Под конвоем лжи - Страница 127


К оглавлению

127

Один из наблюдателей проводил его наверх, в библиотеку. В камине горел уголь, воздух был сухим и теплым. Вайкери не без труда выбрался из промокшего плаща, повесил его на плечики, а плечики зацепил за верх дверной створки. Одна из девушек принесла ему чайник, и он налил себе чашку. Вайкери был физически и морально измотан. Он очень плохо спал после допроса Джордана, а надежда вздремнуть в автомобиле оказалась тщетной, так как Бутби предложил поехать в офис вместе с ним, чтобы поговорить дорогой.

Общее руководство операцией «Литавры» осуществлял Бутби. Вайкери должен был управлять действиями Джордана и обеспечивать наблюдение за Кэтрин Блэйк. Одновременно ему надлежало предпринять меры для обнаружения остальных агентов сети и выяснить, каким образом, помимо радио, они осуществляют связь с Берлином. Бутби также выполнял обязанности координатора операции с Двадцатым комитетом — межведомственной группой, планировавшей все действия по «двойному кресту» и получившей свое название только потому, что символ «двойного креста» был точно таким же, как обозначение двадцатки римскими цифрами: XX. Бутби и Двадцатый комитет должны были подготовить дезинформирующие документы для портфеля Джордана и договориться о включении «Литавров» в состав «двойного креста» и операции «Конвой». Вайкери не спрашивал о характере дезинформации, а Бутби ничего не говорил ему. Вайкери понимал, что это означало. Он обнаружил существование новой немецкой сети и проследил утечку до ее источника — Джордана. Но теперь Бэзил Бутби вознамерился все заслуги приписать себе, а своего подчиненного, проделавшего огромную работу, отодвинул на второстепенную роль.
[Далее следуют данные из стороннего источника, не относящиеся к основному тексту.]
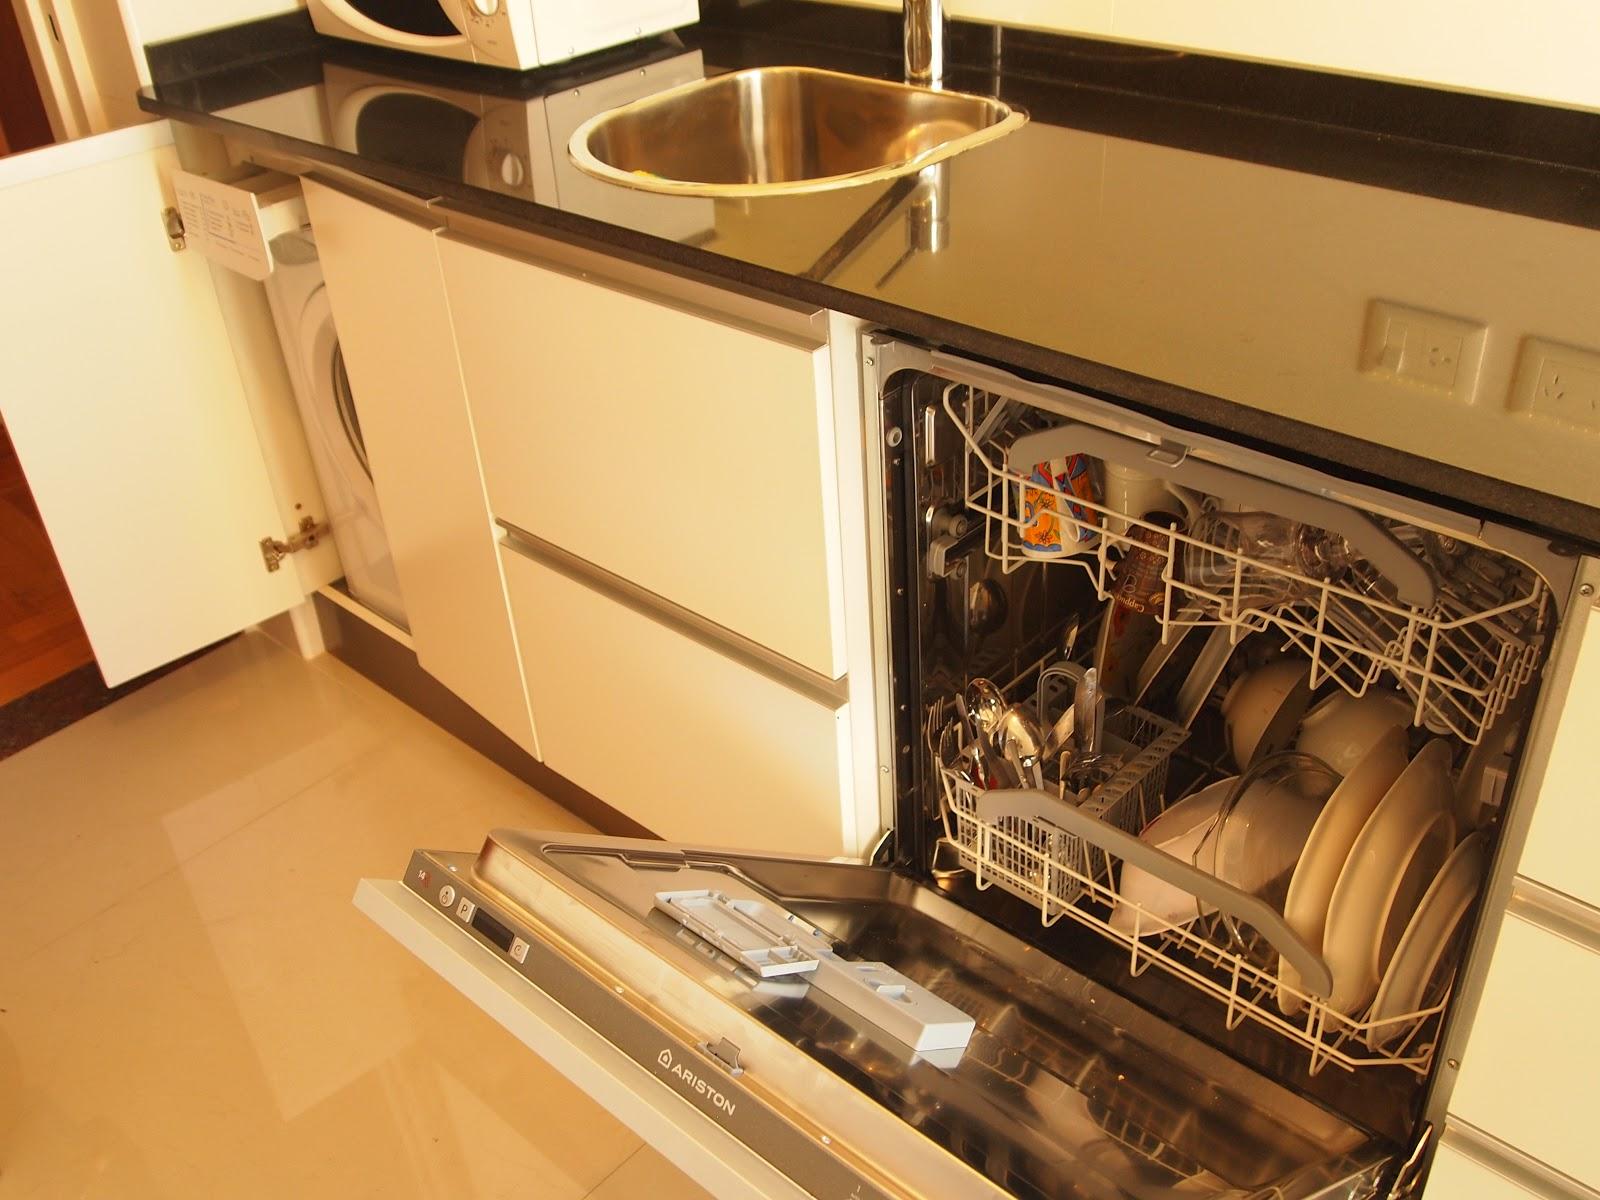 Arquitectura a tu medida remodelacion de una cocina for Tipos de cocina arquitectura

— Отличная конура, — похвалил Гарри, войдя в комнату. Он тоже налил себе чаю и стал спиной к огню. — Что делает Джордан?

— У себя наверху, спит.

— Безмозглый болван, — сказал Гарри, понизив голос.

— Теперь он наш безмозглый болван, Гарри, не забывайте об этом. Что-нибудь нашли?

— Отпечатки пальцев.

— Что?

— Отпечатки пальцев, слабые отпечатки, оставленные кем-то, помимо Питера Джордана, повсюду в его кабинете. И на столе, и внутри сейфа. Он говорит, что приходящей уборщице строго-настрого запрещено входить туда. Отсюда следует предположение, что эти отпечатки оставила Кэтрин Блэйк.

Вайкери медленно покачал головой. По-видимому, у него не было в этом глубокой уверенности.

— Дом Джордана готов к работе, — продолжал Гарри. — Мы натыкали туда столько микрофонов, что услышим, даже если пукнет под полом мышь. Мы выселили семейство из противоположного дома и устроили там стационарный наблюдательный пункт. Видно идеально. В светлое время суток они будут фотографировать всех, кто только будет появляться у дверей Джордана.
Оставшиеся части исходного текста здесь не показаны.